Like MIS-C, most of the patients presented with fever and gastrointestinal symptoms, and all patients had elevated laboratory markers of inflammation.

“I remain surprised at how uncommon MIS-A is,” Odom John said. “We see MIS-C in older teens who are frankly not that immunologically different [from] young adults. However, the CDC case series of MIS-A from across the U.S. only reported a total of 27 cases. Teasing out that difference in susceptibility to MIS disease between teens and young adults may be key to understanding the underlying pathophysiology.”

Shulman noted that, just like MIS-C, symptoms of MIS-A seem to develop after some time.

“There’s a large number of patients who are sick with COVID-19, and then somewhere in that 10- to-14-day period, when they’ve been improving, all of a sudden many of these patients take a turn for the worse and get much sicker, and that seems to be an immune-mediated second phase of COVID-19 infection,” Shulman said.

According to the CDC, the way MIS-A appears in patients may be more complicated than MIS-C. Like MIS-C, it is unclear why it happens to some patients and not others, the agency said.

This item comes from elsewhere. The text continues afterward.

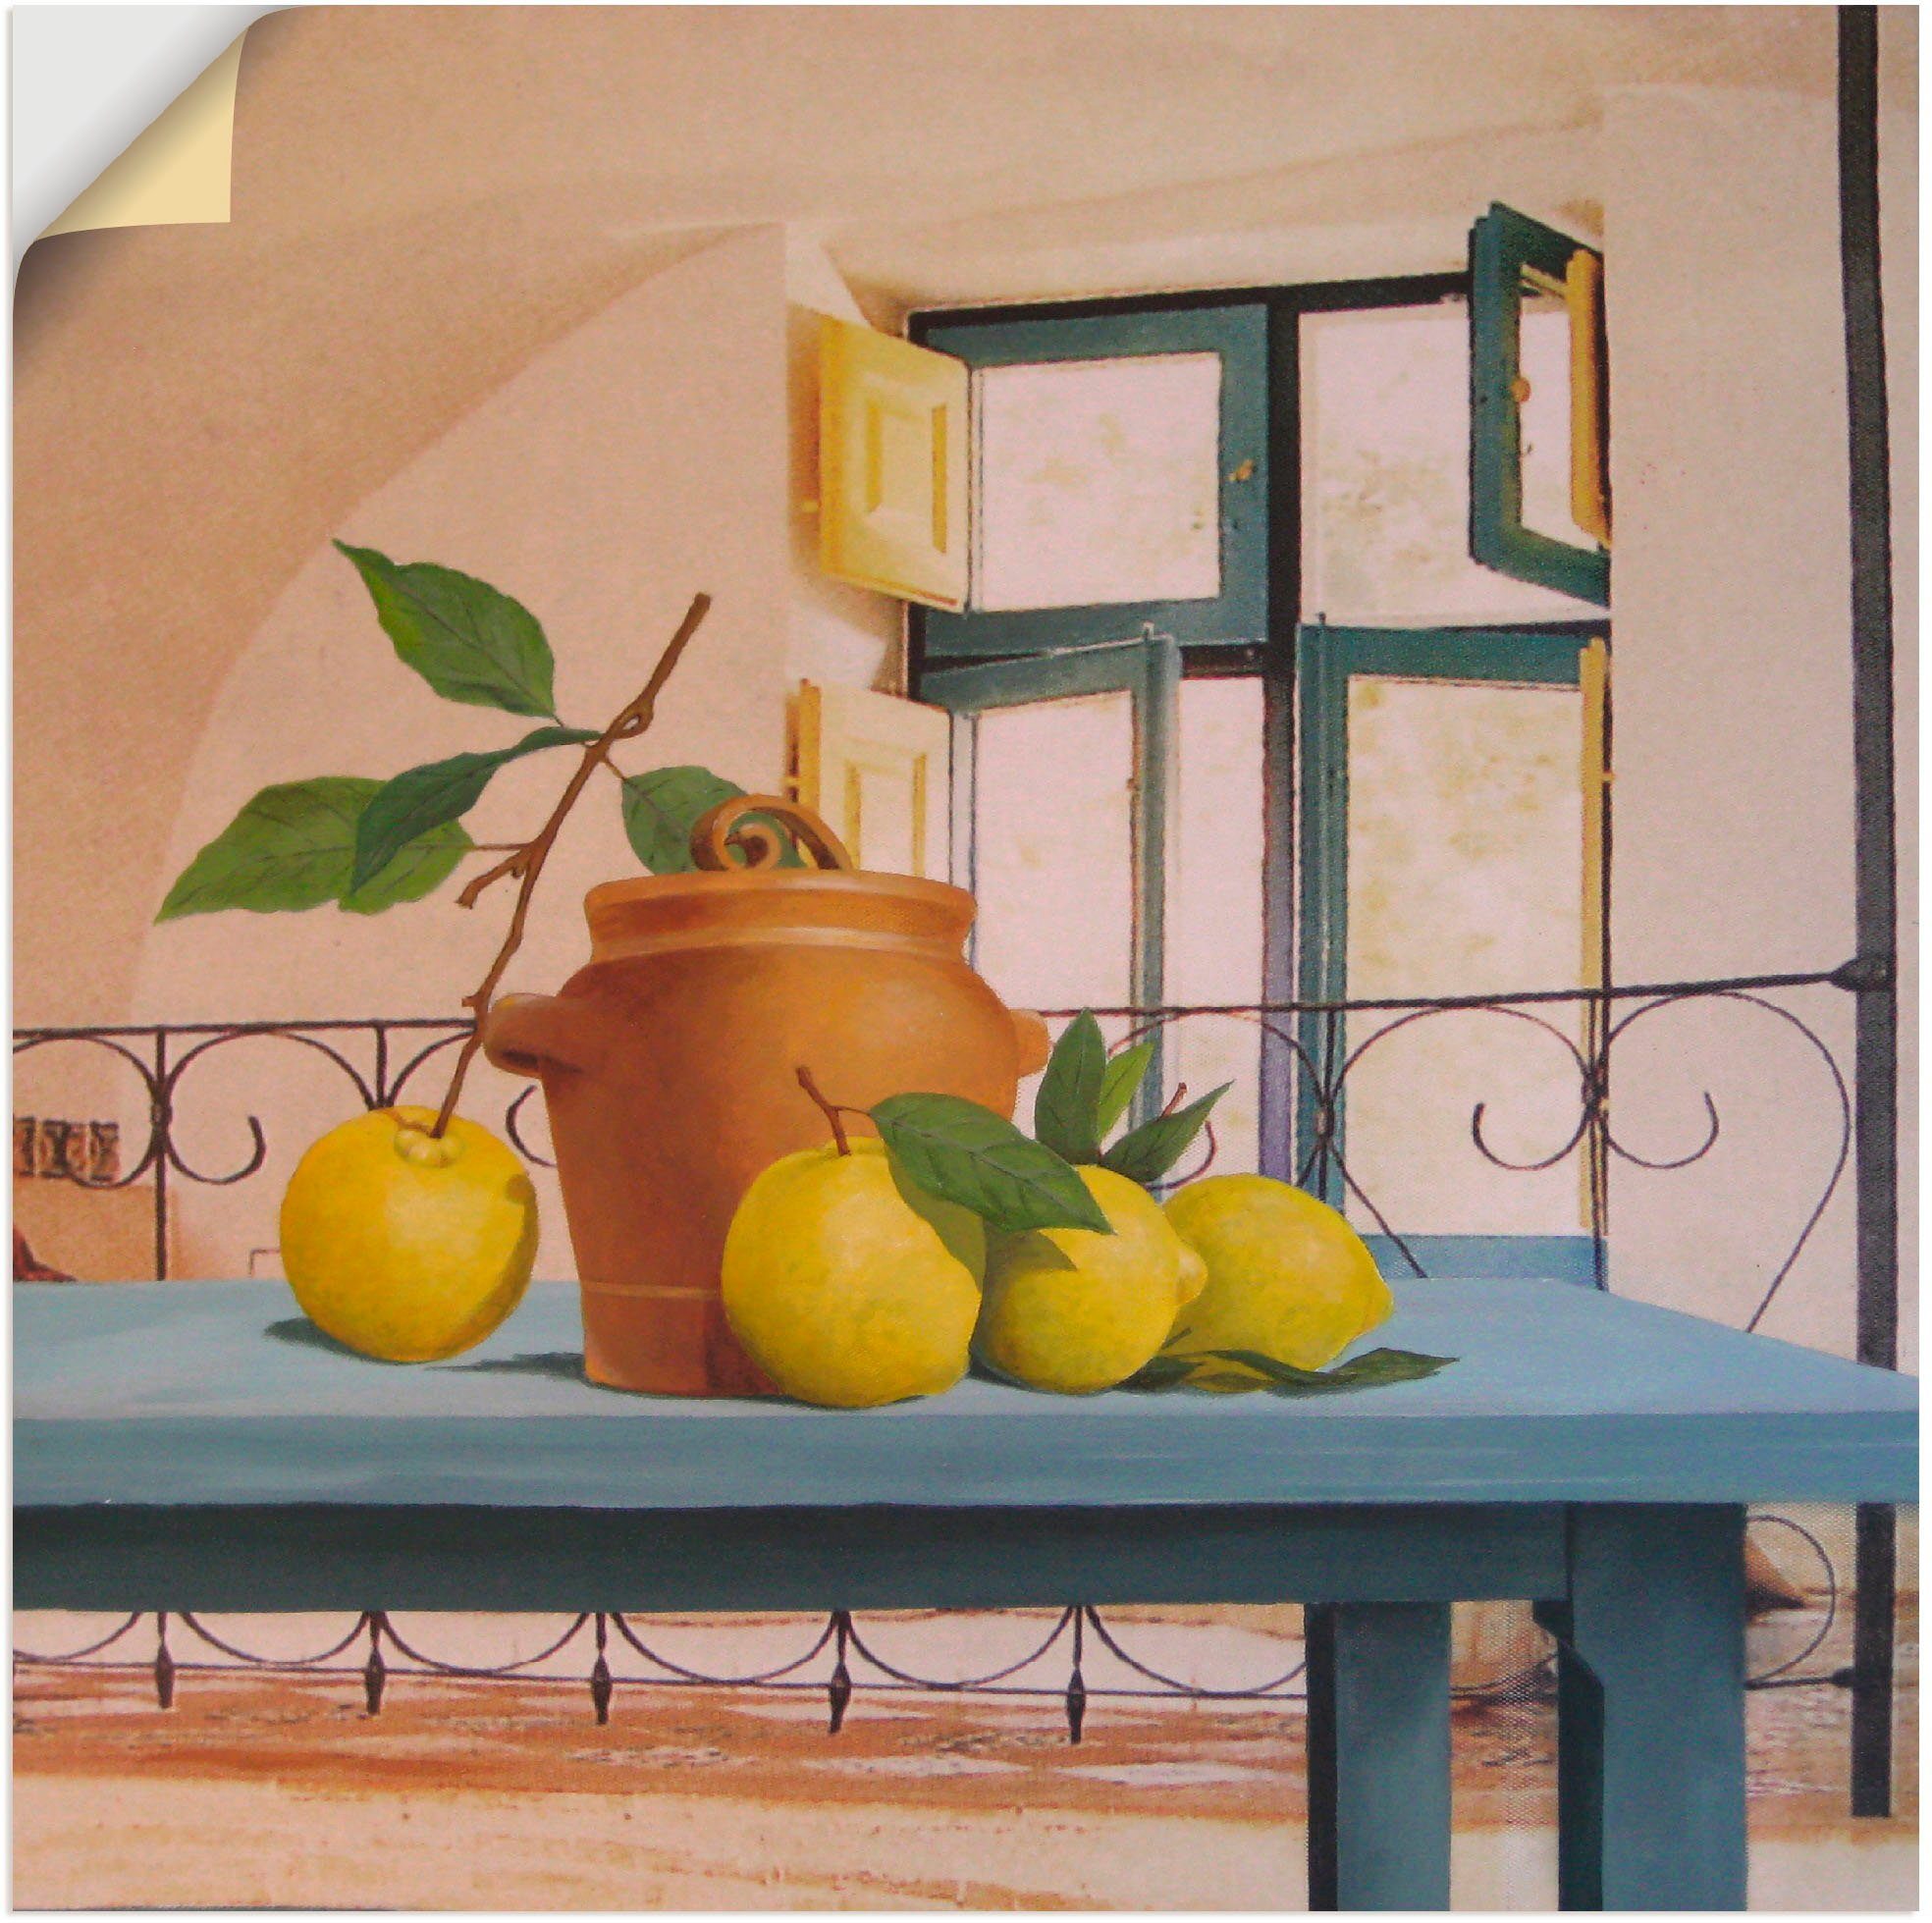 Artland Artprint Stilleven met citroenen in vele afmetingen & productsoorten -artprint op linnen, poster, muursticker / wandfolie ook geschikt voor de badkamer (1 stuk)

Angela Campbell, MD, MPH, FPIDS, FIDSA
Angela Campbell

The CDC has a team dedicated to investigating both MIS-C and MIS-A so it can communicate information quickly to health departments, health care providers, parents and caregivers, said Angela Campbell, MD, MPH, FPIDS, FIDSA, also an MIS unit lead for the CDC’s COVID-19 response team.

“The CDC has created a system to track cases in children and has studies in place to identify and evaluate risk factors and social determinants for developing MIS-C associated with COVID-19, such as race/ethnicity, age, sex, and medical history,” Campbell told Infectious Disease News.

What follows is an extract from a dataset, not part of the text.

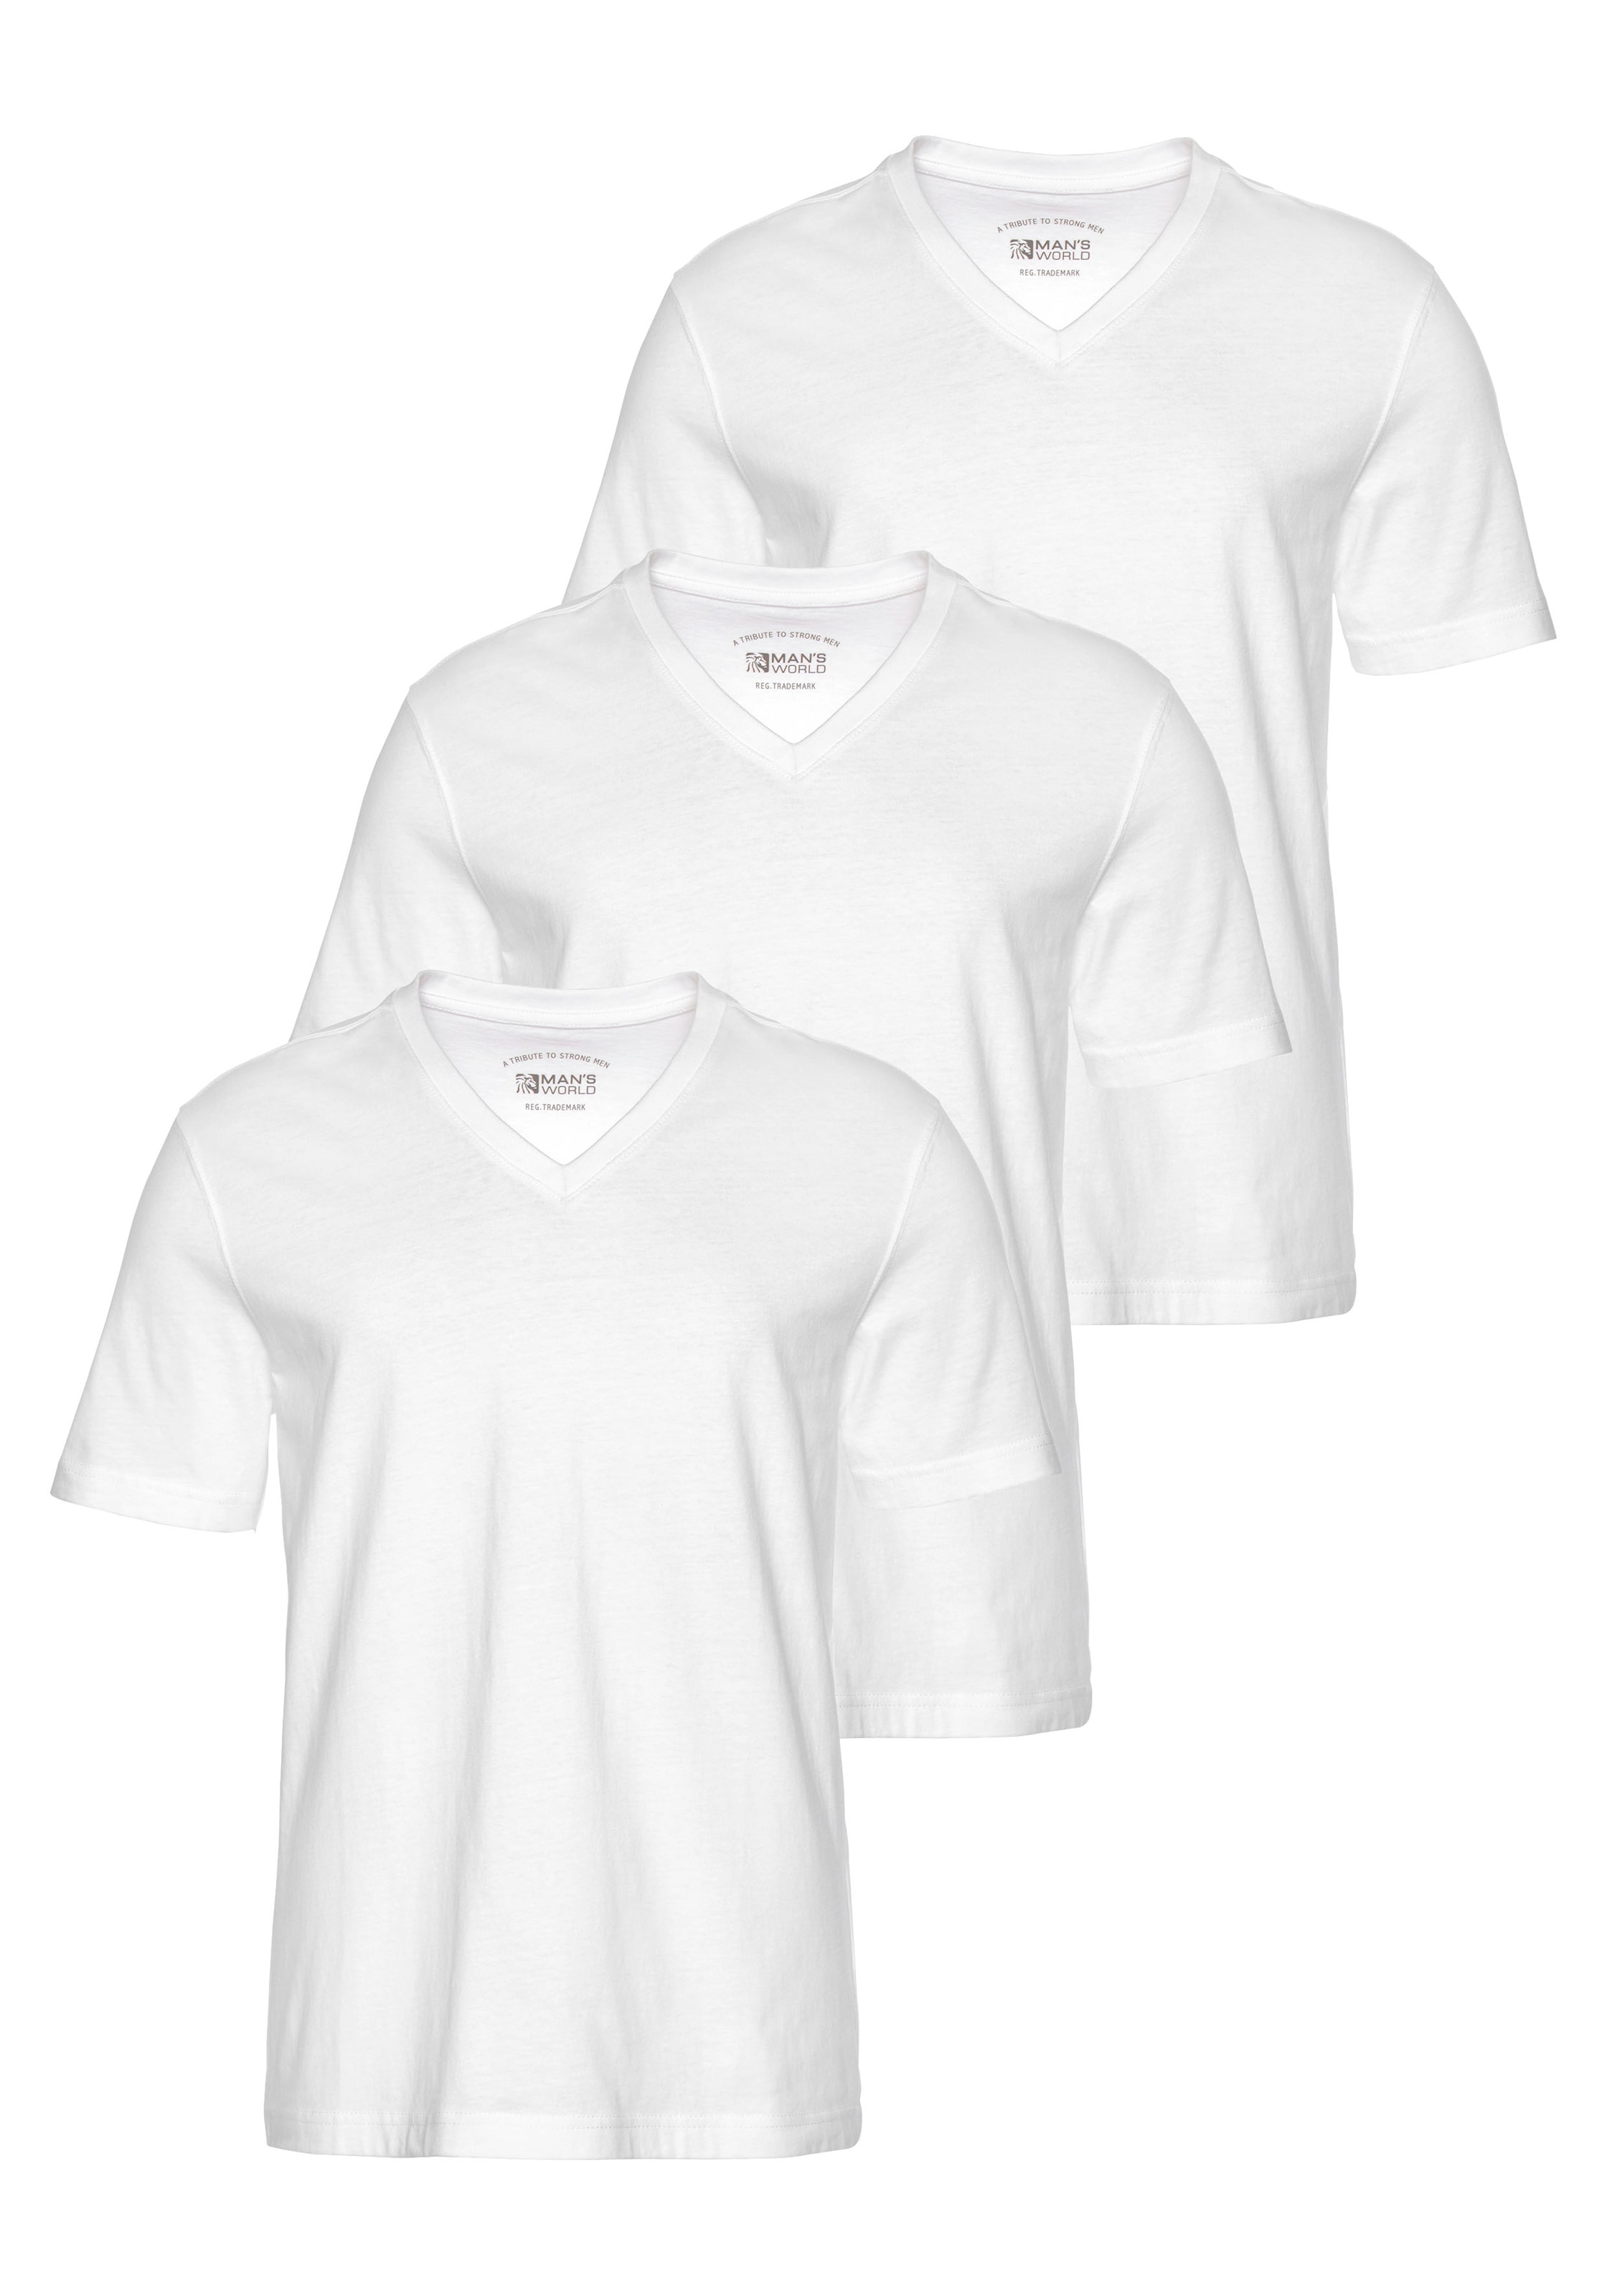 V-Shirt, perfekt als Unterzieh T-shirt

Additionally, the CDC is collaborating with selected U.S. jurisdictions “to learn more about MIS-A, better define its clinical manifestation, and describe its distinguishing characteristics from severe acute COVID-19,” Belay said.

Vaccines

Of the three COVID-19 vaccines authorized for use in the U.S., only the shot from Pfizer-BioNTech is available for any pediatric group — children aged 16 years or older.

“Vaccination is important to prevent severe complications of COVID-19 in children,” Campbell said. “Since MIS-C is a complication of COVID-19, vaccinations may also help prevent MIS-C. However, data are still being gathered on whether COVID-19 vaccines prevent infection as well as disease. Since MIS-C can occur among children who have had asymptomatic infection, we don’t yet know with certainty whether vaccination will prevent MIS-C.”

MIS-C Fast facts

Even though it remains uncertain how SARS-CoV-2 is triggering the syndrome, Odom John said there is good reason to hope the vaccines will prevent MIS-C.

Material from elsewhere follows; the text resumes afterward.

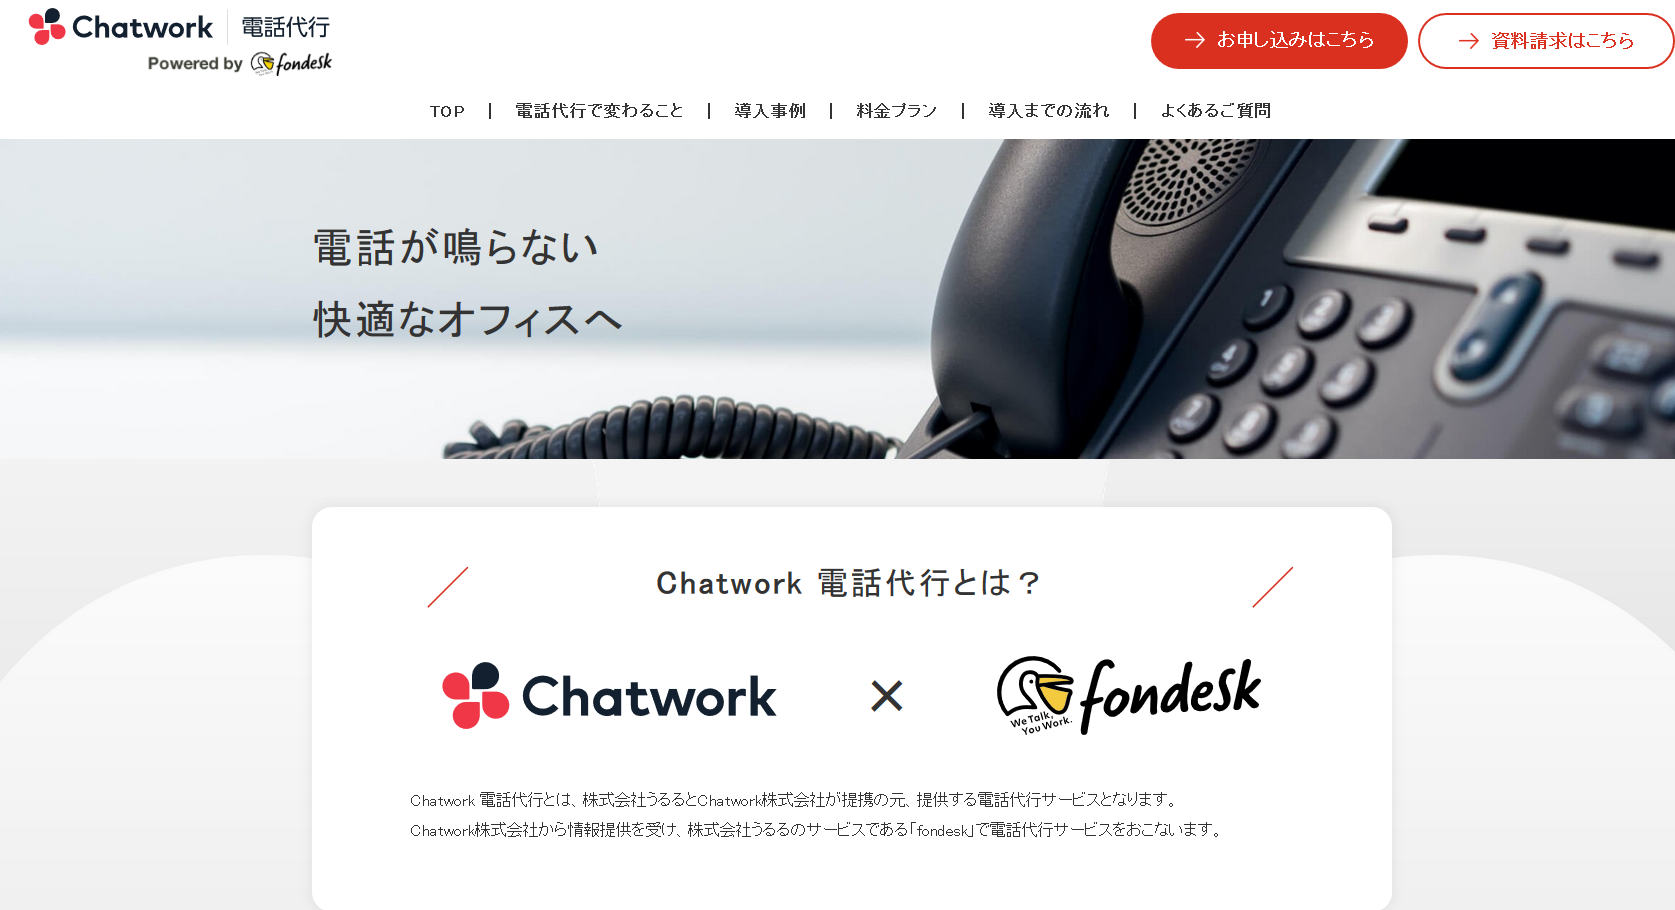 Chatwork株式会社のChatwork株式会社サービス

“Vaccination elicits a robust immune response to a single viral protein, the spike protein,” Odom John said. “Real infection elicits responses to all viral components. Because vaccination likely reduces the ability of virus to replicate, the immune system of vaccinated individuals will see less of all proteins of the virus that appear during natural infection, one or more of which are likely the problem.”

Belay said COVID-19 vaccines are expected to prevent MIS-A by preventing widespread transmission of SARS-CoV-2.